• Work to complete
Please set down, unchanged, each line from the one with "Happy birthday to" to the final line of the data below, both included. Drop the pictures.

• Data shown
════════════════
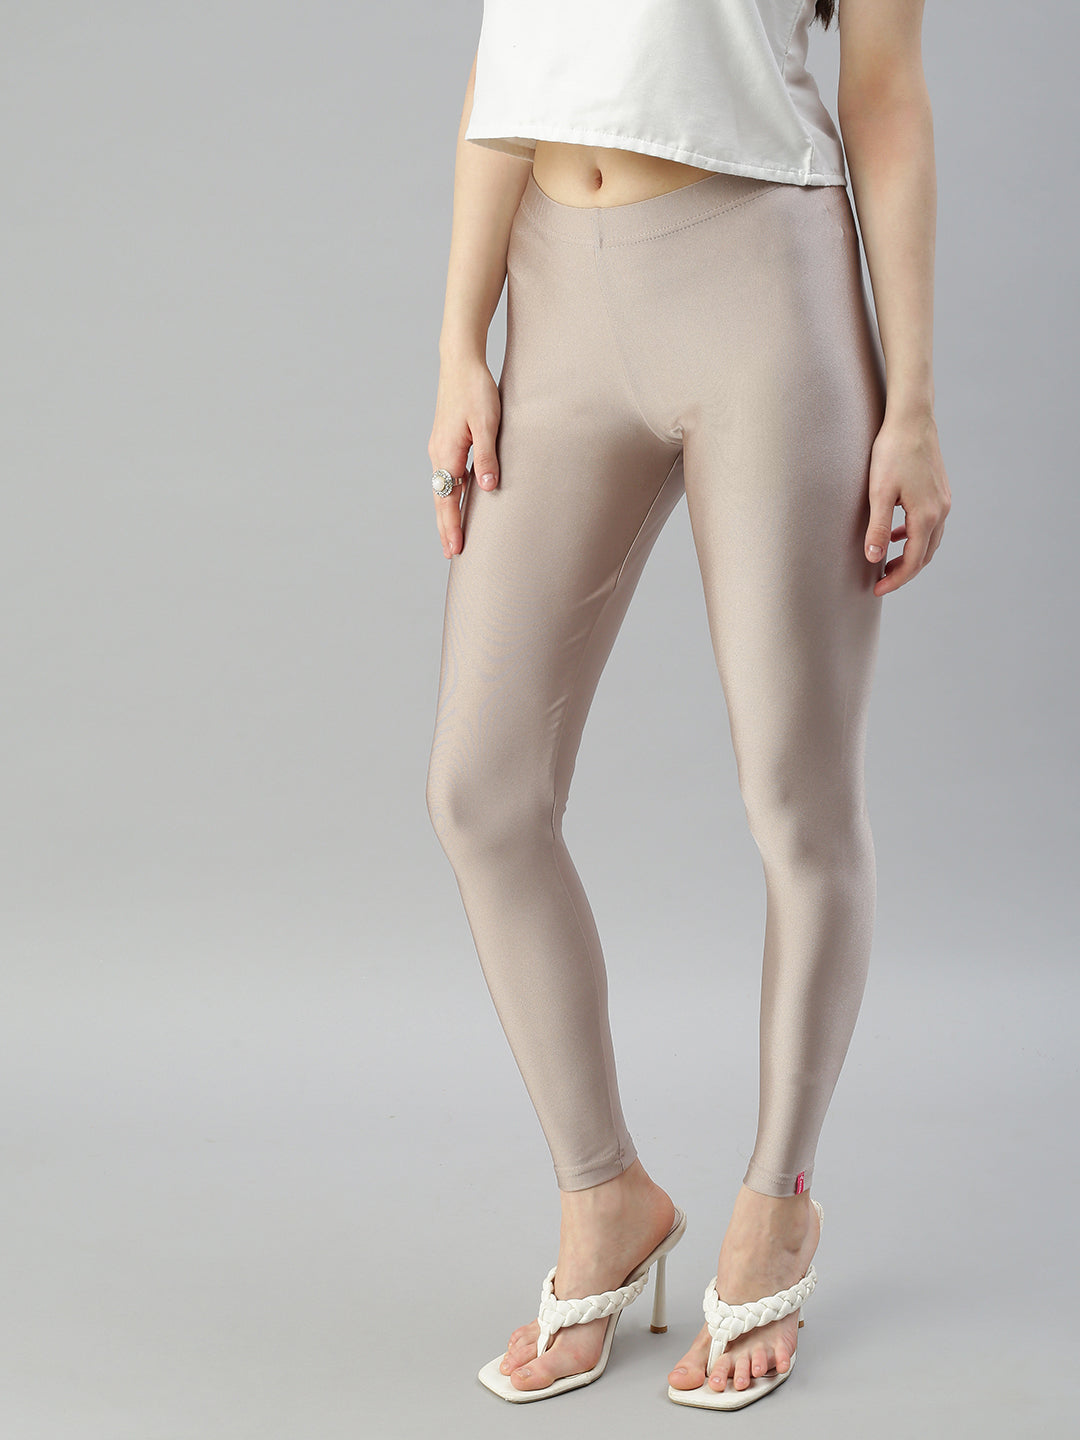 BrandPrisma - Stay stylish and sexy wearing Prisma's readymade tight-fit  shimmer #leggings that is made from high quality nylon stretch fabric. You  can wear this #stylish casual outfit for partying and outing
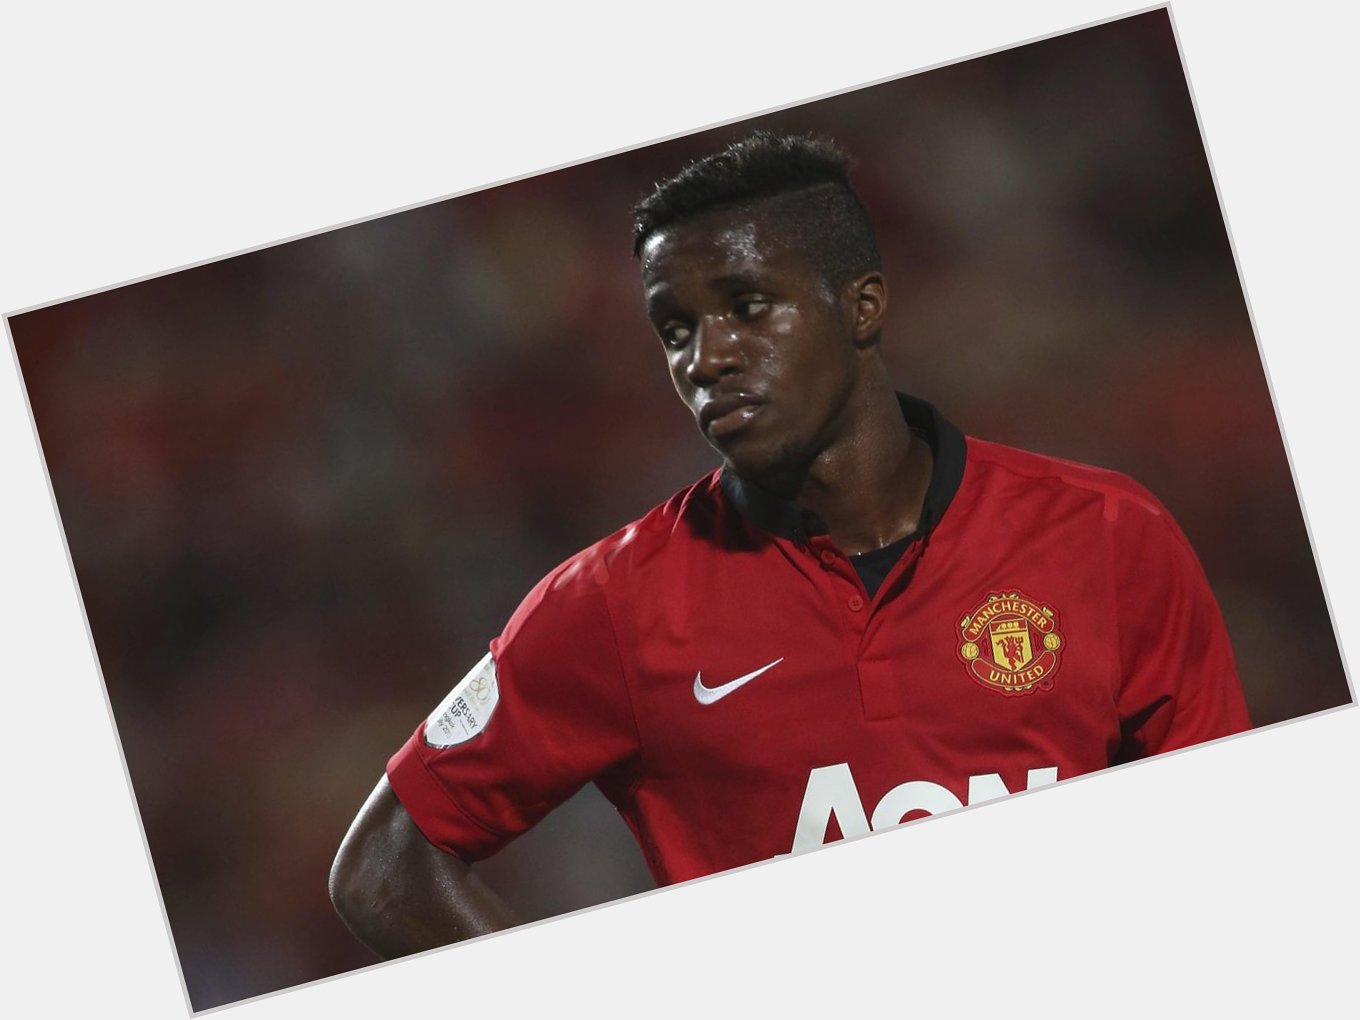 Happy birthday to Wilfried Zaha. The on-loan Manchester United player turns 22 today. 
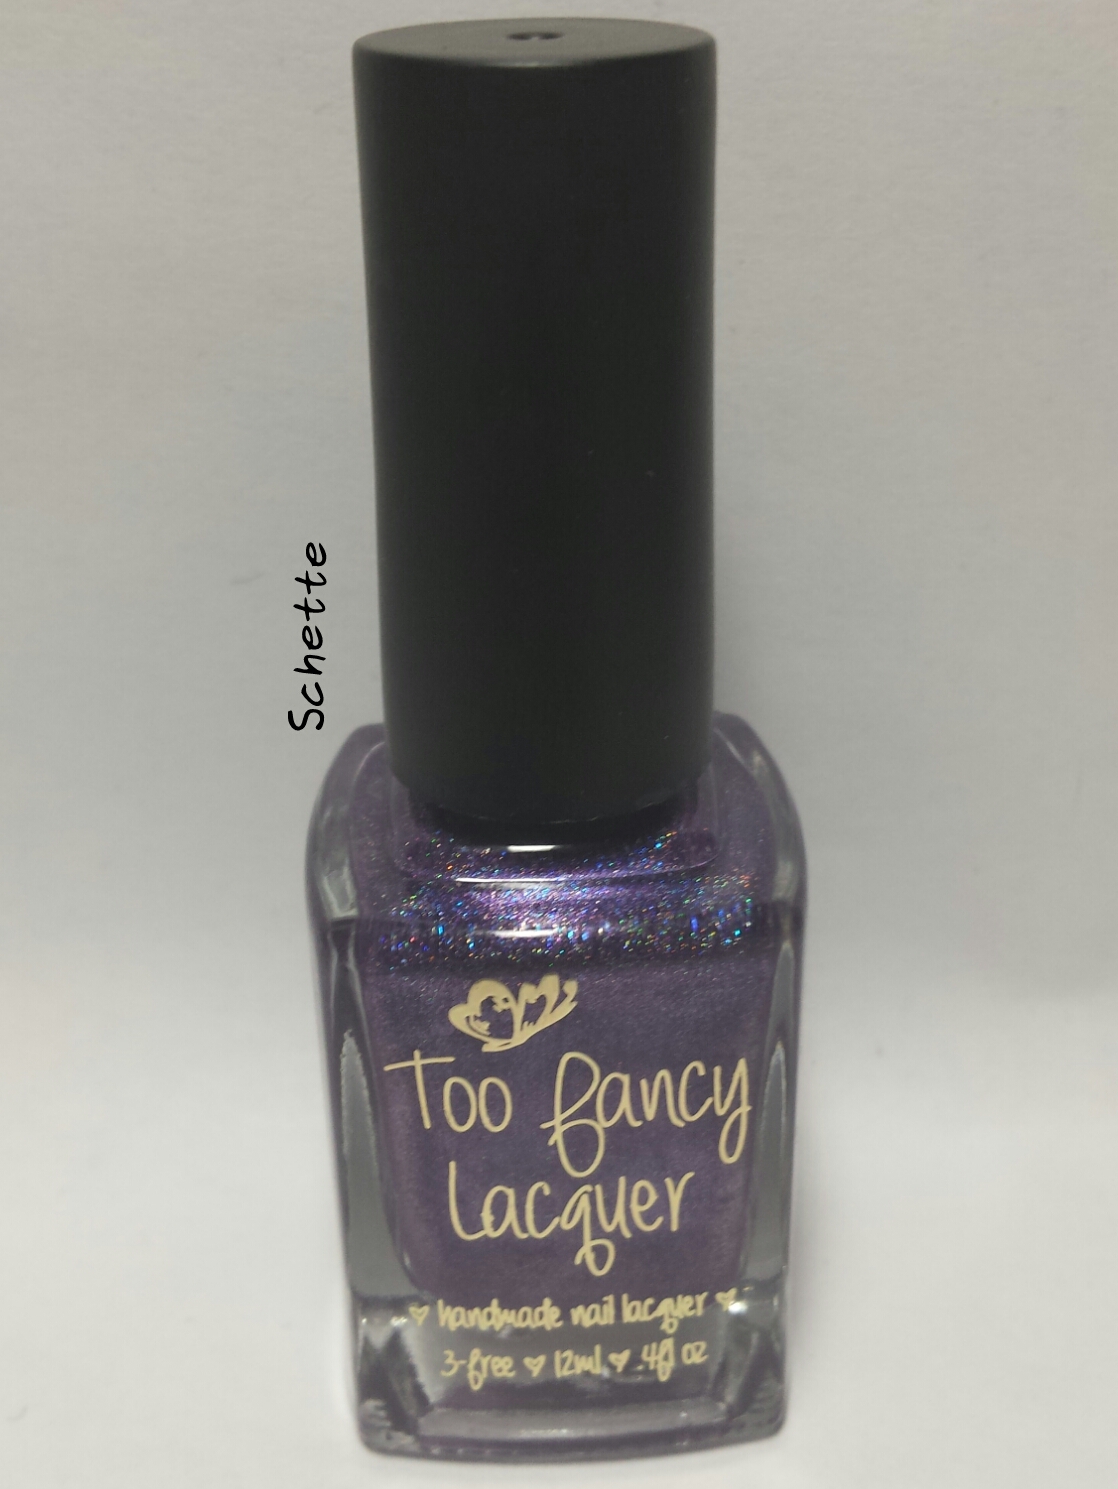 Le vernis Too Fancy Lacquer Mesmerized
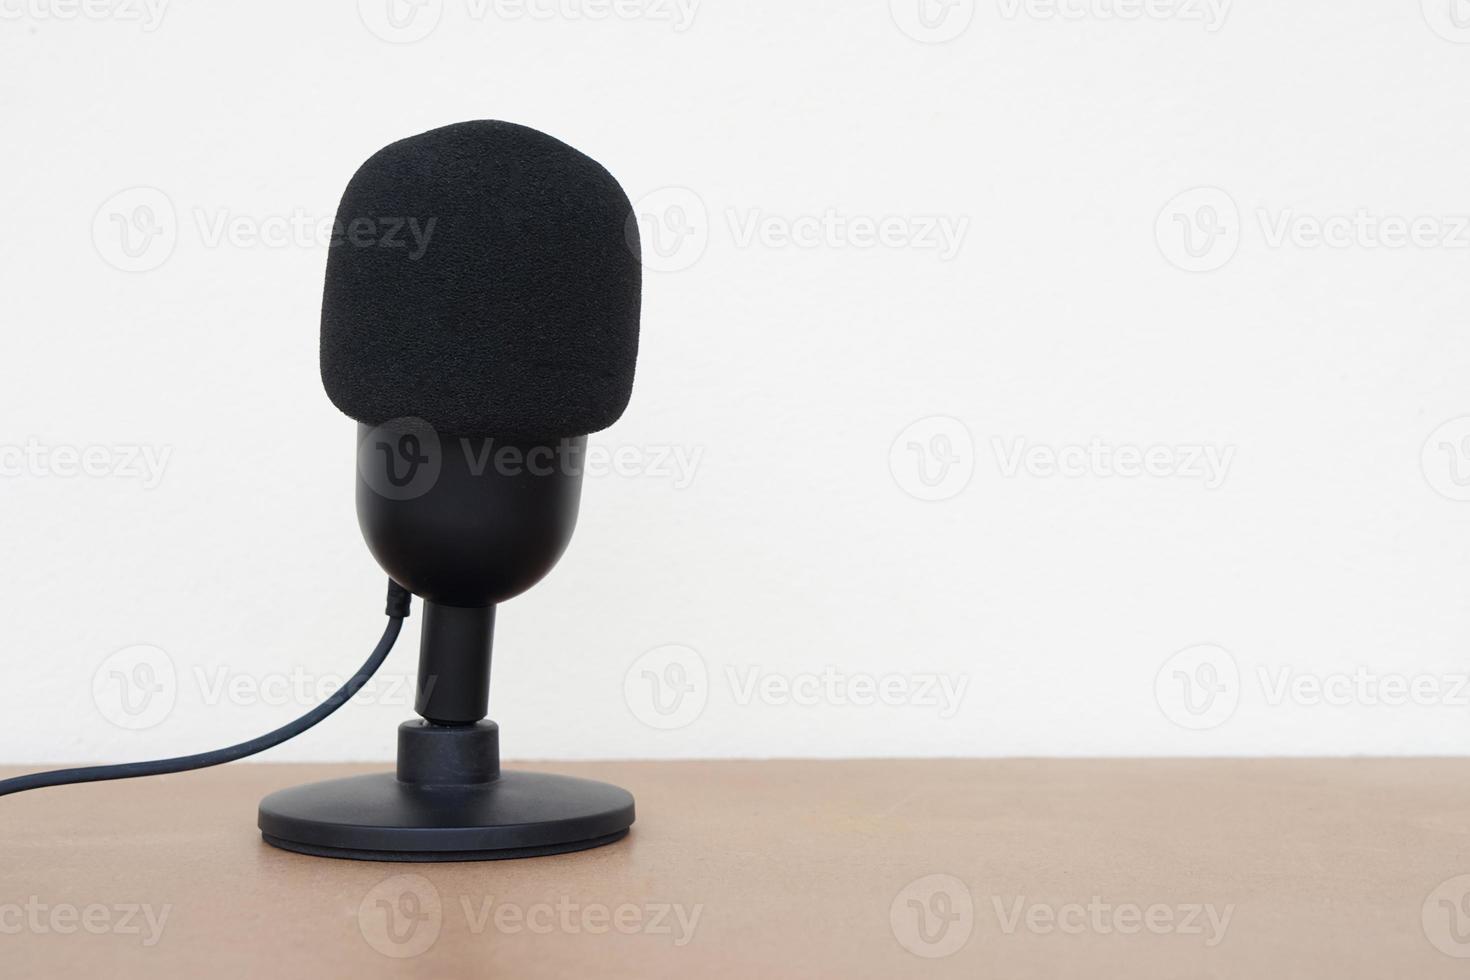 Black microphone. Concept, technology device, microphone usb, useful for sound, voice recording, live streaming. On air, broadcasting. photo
════════════════
• Exercise result
 Happy birthday to Wilfried Zaha. The on-loan Manchester United player turns 22 today. 
 Le vernis Too Fancy Lacquer Mesmerized
 Black microphone. Concept, technology device, microphone usb, useful for sound, voice recording, live streaming. On air, broadcasting. photo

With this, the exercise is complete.